| akuma587 said: Is it fair for people who can barely afford to pay for their food and rent to have to pay as much of a percentage of their income as taxes when there are people out there who were born into an affluent family, were able to receive an education, and are a professional making over 150k a year on their own? Fairness to one person is not fairness to another. My family makes over 150k, and I do not think that is fair. To quote the Bible, which many Republicans conveniently ignore when it doesn't suit their interests, "The only thing they asked us to do was to remember the destitute, the very thing I was eager to do." Galatians 2:10. I have just never understood how the purportedly Christian party can have such an unsympathetic attitude towards the poor? It just doesn't make sense to me, unless you assume they are hypocrites. I am not talking about you Kasz, as I have no idea what your religious orientation is. And I am not claiming that religion should have any place in politics, I just find it very contradictory that the Republican Party claims to have the high ground on religious issues (or at least, religious issues as it defines them). |
Bold 1) They wouldn't be. When you account for costs of living the poor would still be paying less. What would be taxed would be income above "cost of living" which is a higher percent when you make more money.

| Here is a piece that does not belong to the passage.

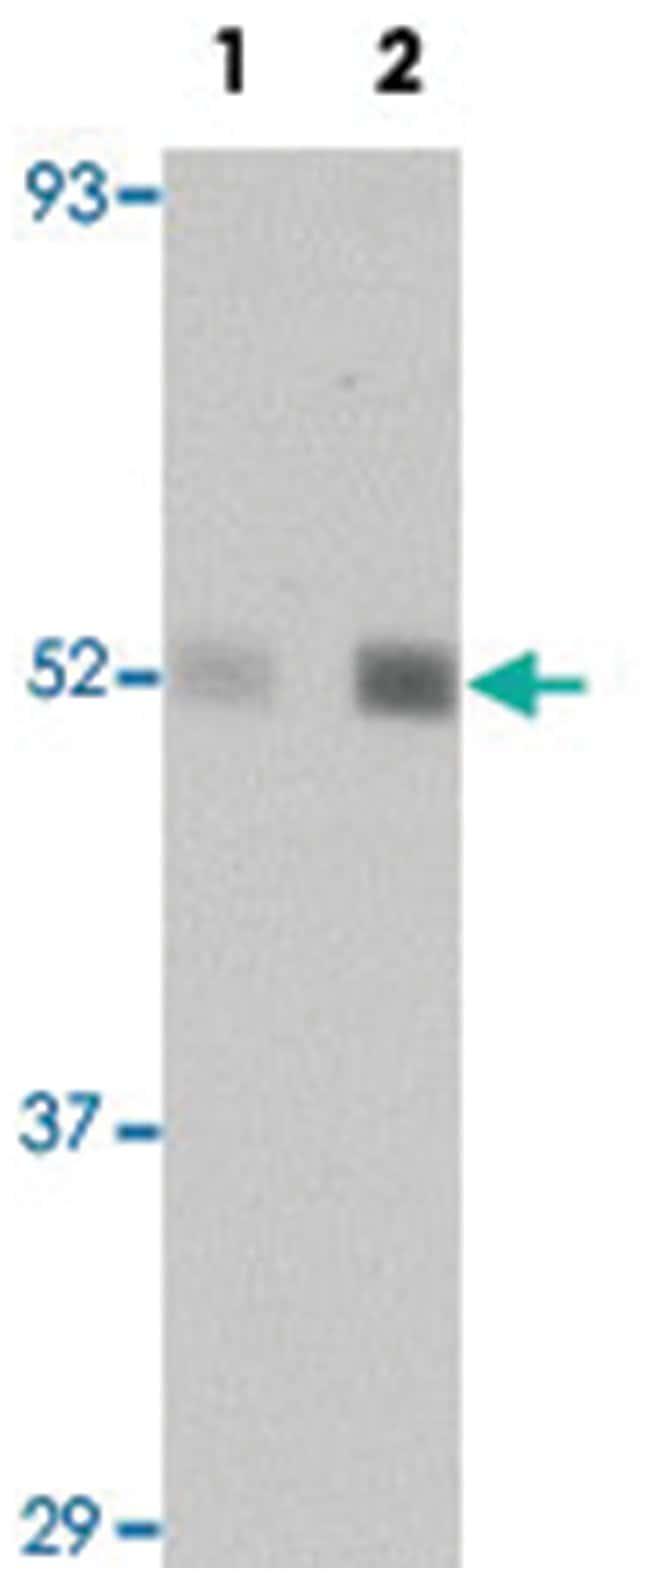 NR1H2 Rabbit anti-Human, Mouse, Rat, Polyclonal Antibody, Abnova 100µg;

People who are born into an affluent family get money because the people who earned that money want them to. This is fair because those who earned that money have every right to decide what they do with it. Whether it be give it to their family, or spend millions and millions of it away.
Bold 2) Christian Charity isn't about being forced to give away money. It's about choosing to give away money to the poor. It's a difference of opinion. Small government Republicans(and Democrats) don't believe "SCREW THE POOR!"
They believe the Government is a wasteful, unorginized bueracracy that can't help the poor because all it does when it sees a problem is throw more money in it. In otherwords when they have a cup with a hole in it. There idea of keeping it full is to keep pooring water. Not fix the hole.
They believe contributions to charities that work on smaller scale, and just for the goals of curing these problems work better.
Less money taking out for government programs that have questionable abilties means more money for social programs that work.
Would less money be contributed then the government takes? Almost definitly... however the thought is the effectiveness of the programs would be better as money will be donated to the programs that work, and the programs that don't won't get money... unlike the government where everyone is kept around or reshuffled because they don't want to fire people.